On his part the husband introduced evidence showing that for a considerable period of time prior to the date when his wife left Vancouver she had been guilty of acts of great familiarity with Hastings, and it appeared in evidence that Hastings arrived in Los Angeles a little in advance of Mrs. Morrow and that the two had used the same office for purposes of business and had been in each other's company on frequent occasions.

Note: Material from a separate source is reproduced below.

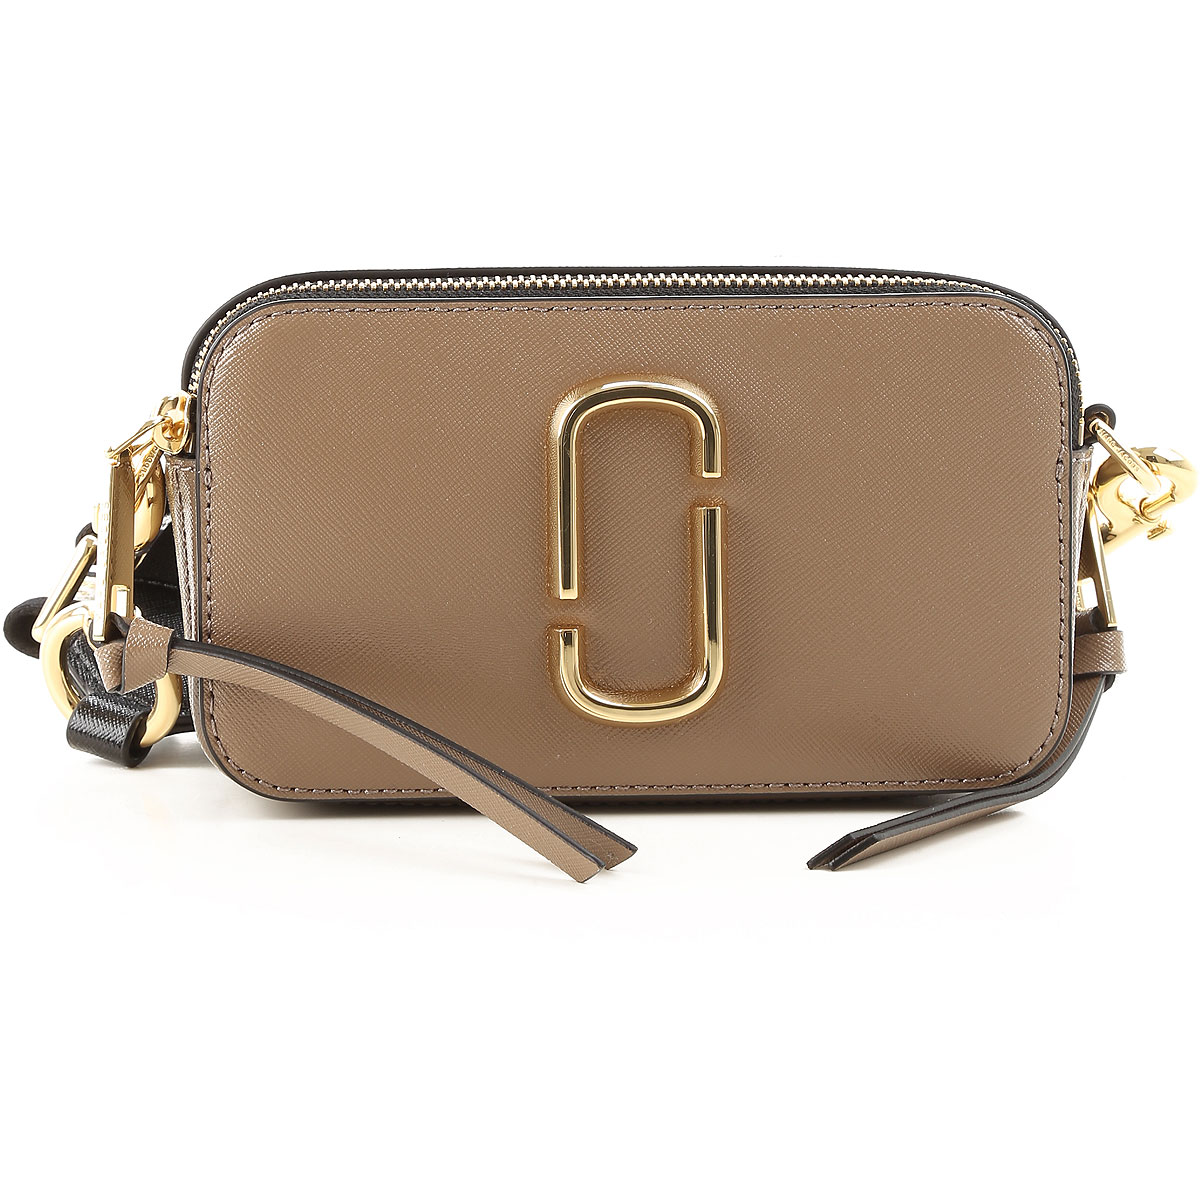 Handbags Marc Jacobs, Style code: m0014146-064-A963

[2] The court was authorized to make the order giving the custody of the children to the defendant (Civ. Code, secs. 138, 246; Ex parte Gordan, 95 Cal. 377 [30 P. 561]), notwithstanding that a divorce was denied to both parties. There was evidence that the defendant had always been a considerate and affectionate father to the children. The home of the family and the business of both of the parties was located in Vancouver. The wife had never been excluded from the home nor from the support there which the husband was required to furnish her. A voice in the management of the business was not denied to her, nor was there denied her a right to receive a considerable salary so long as she would consent to perform the not onerous duties of secretary and treasurer of the company. The trial judge, moreover, upon consent of the parties, talked with the two elder children in his chambers before making the order relative to the custody, and while the record does not disclose what passed at that interview, we must assume that the court, by that interview, gained information which assisted him in determining upon the order which he later made in the case. There is nothing in the order of the court which in any way serves to prevent the plaintiff from enjoying the society of her children should she desire to return to the established home. Further than this, it may be observed that this order is subject to modification at any time, upon a reasonable showing, and, even though the parties remain separated, the wife, should she choose to become a resident of the city where her husband resides, might reasonably expect to have such conditions added to the order as would enable her to share in the custody of the minors.
The judgment and the order disposing of the custody of the minor children of the parties are affirmed.
Conrey, P. J., and Houser, J., concurred.